### EXERCISE DETAILS
Return the listing below exactly as it stands. Pictures stay out.

### DATA EXTRACT
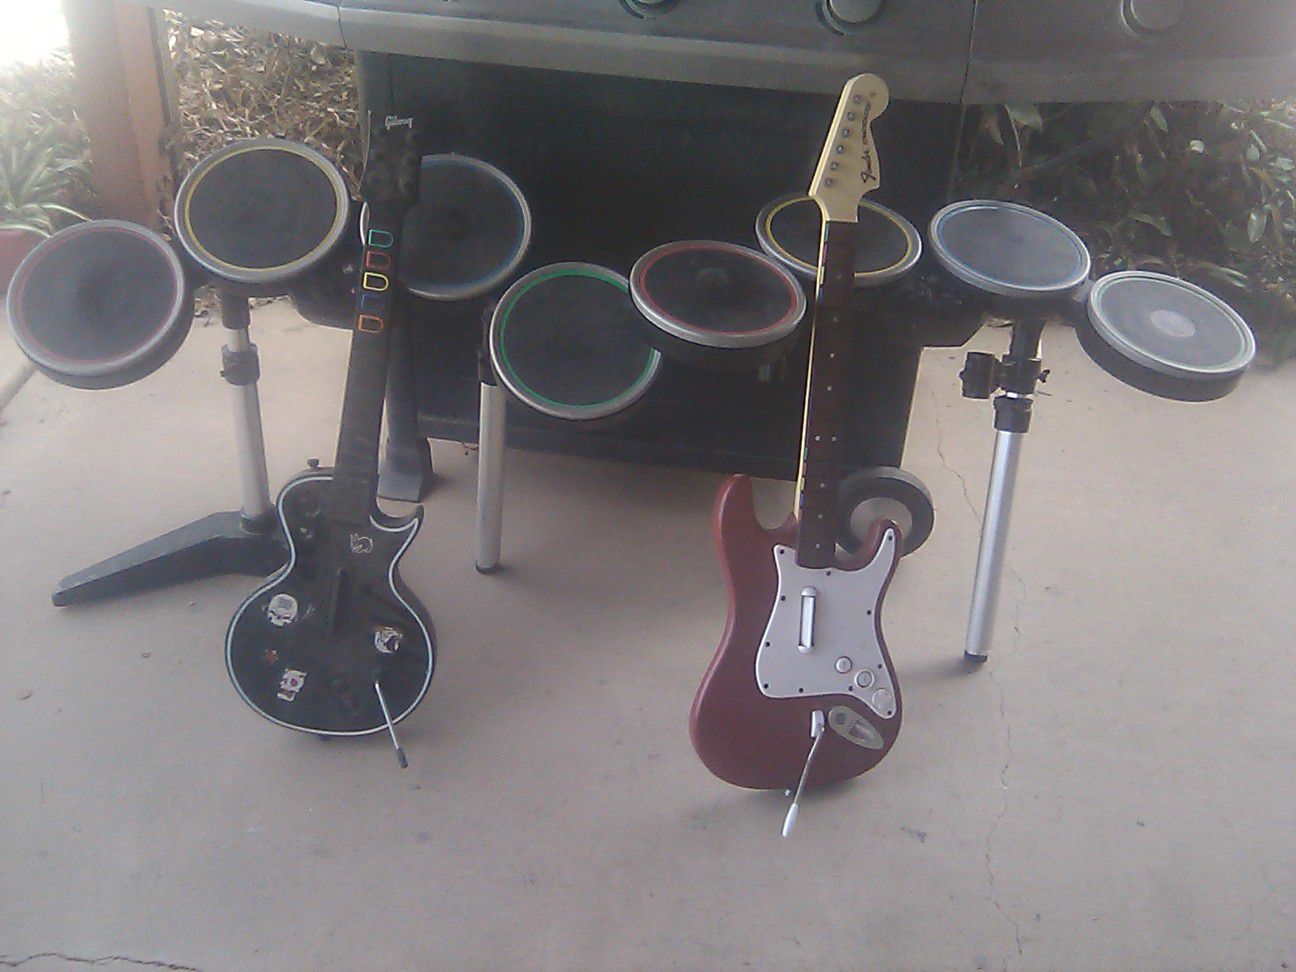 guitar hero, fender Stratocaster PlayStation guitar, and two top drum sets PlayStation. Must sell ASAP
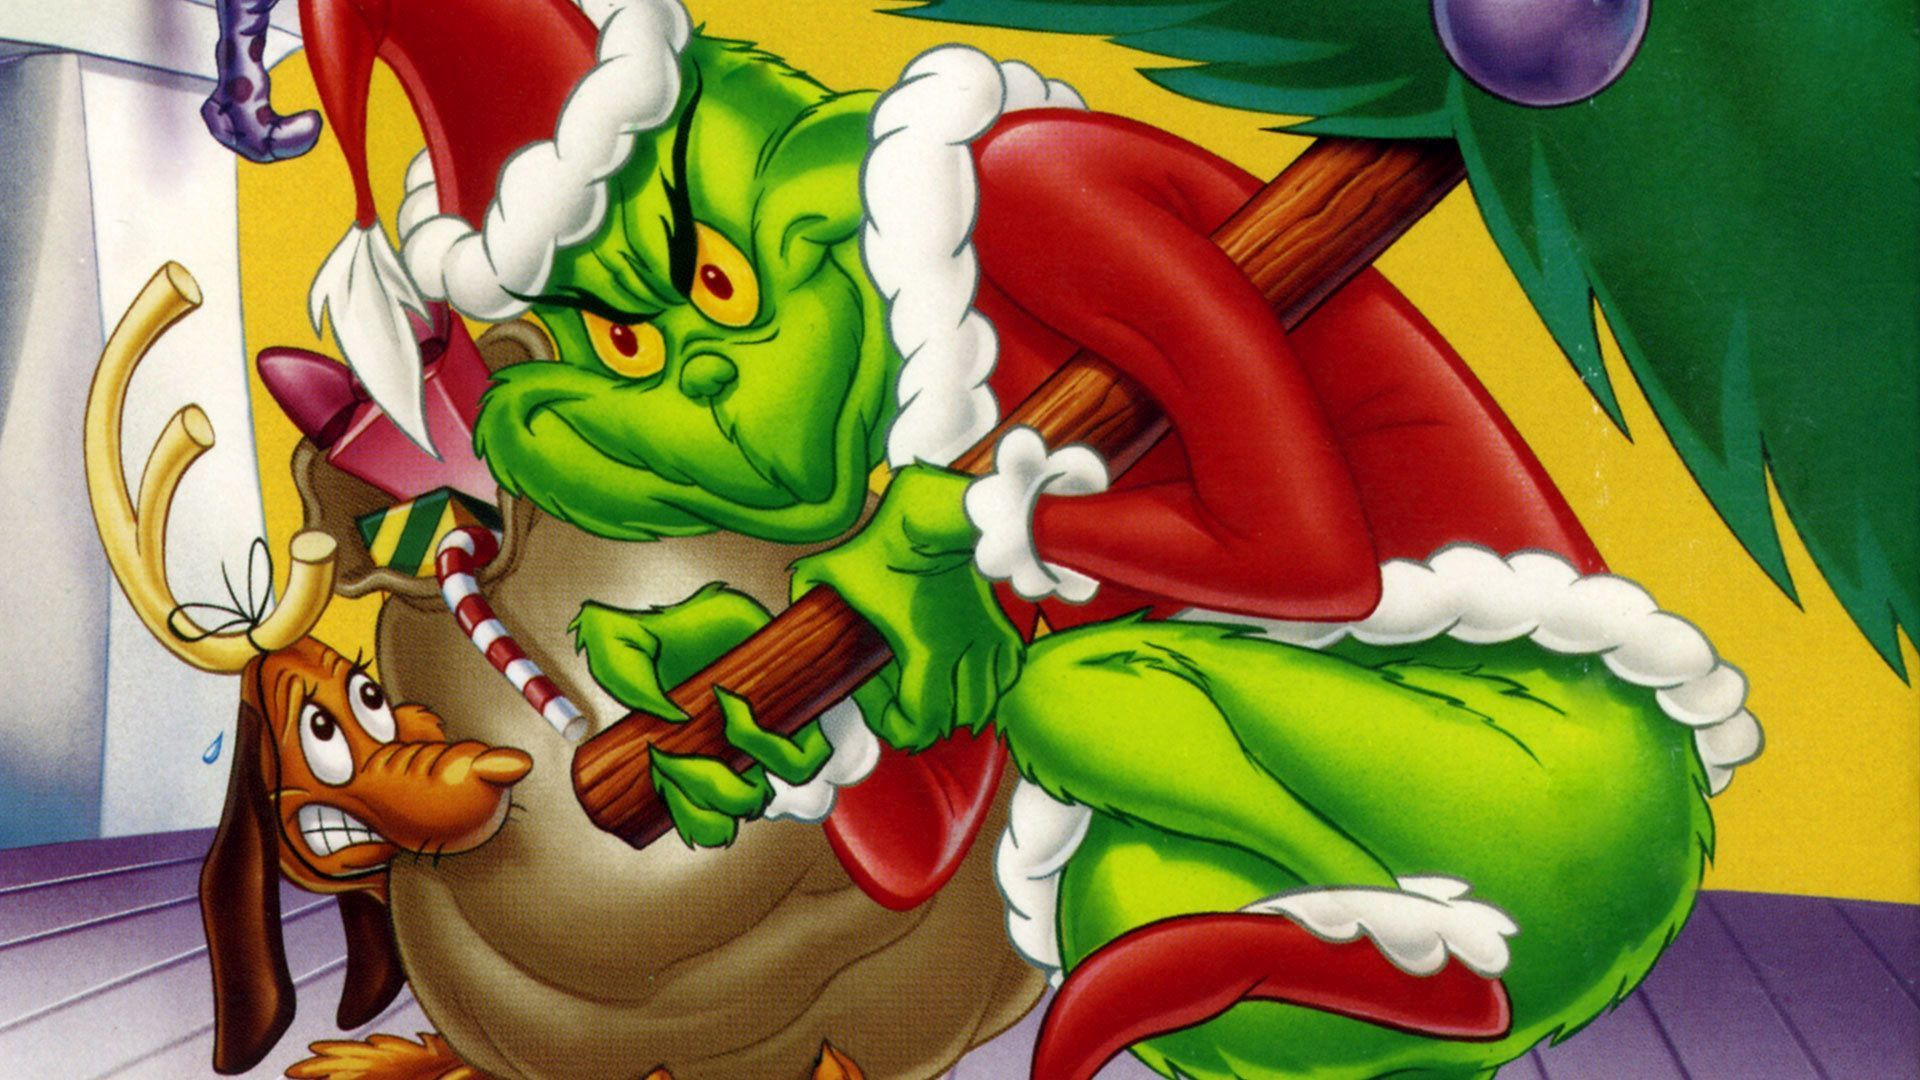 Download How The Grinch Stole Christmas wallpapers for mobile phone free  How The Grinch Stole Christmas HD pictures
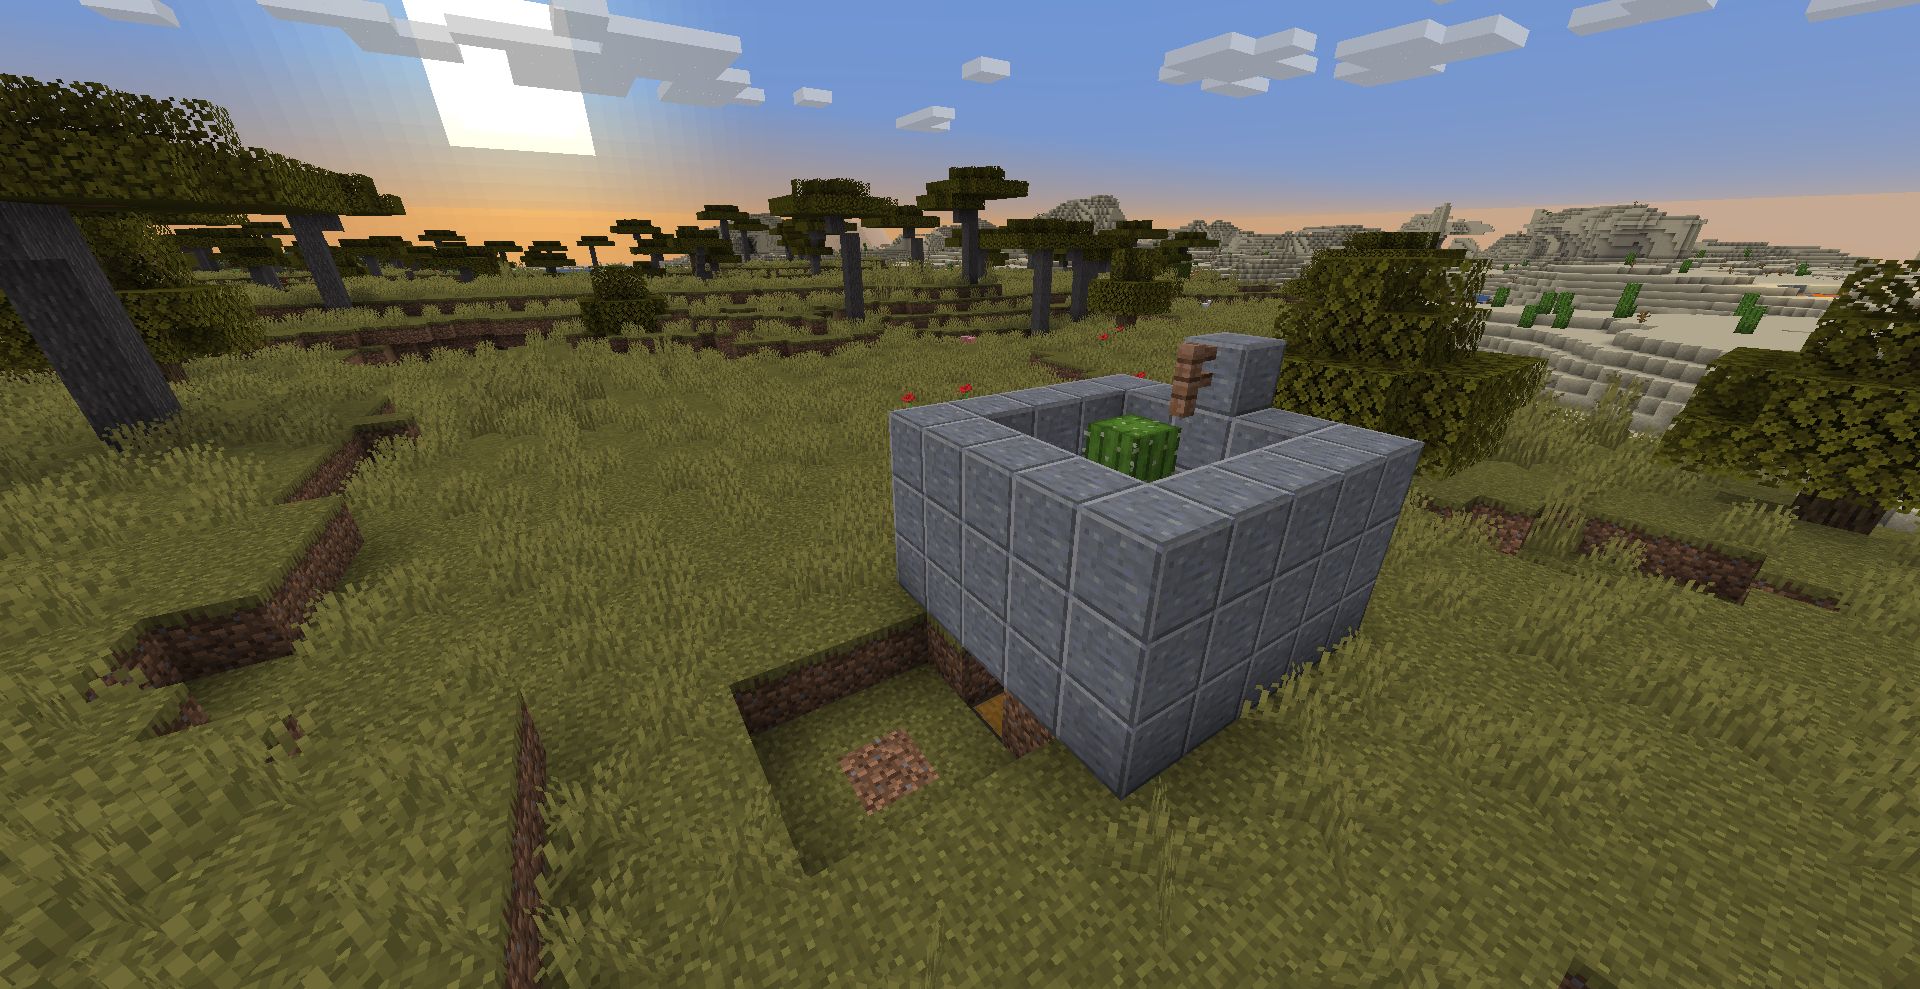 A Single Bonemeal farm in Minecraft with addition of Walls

### ANSWER SECTION
 guitar hero, fender Stratocaster PlayStation guitar, and two top drum sets PlayStation. Must sell ASAP
 Download How The Grinch Stole Christmas wallpapers for mobile phone free  How The Grinch Stole Christmas HD pictures
 A Single Bonemeal farm in Minecraft with addition of Walls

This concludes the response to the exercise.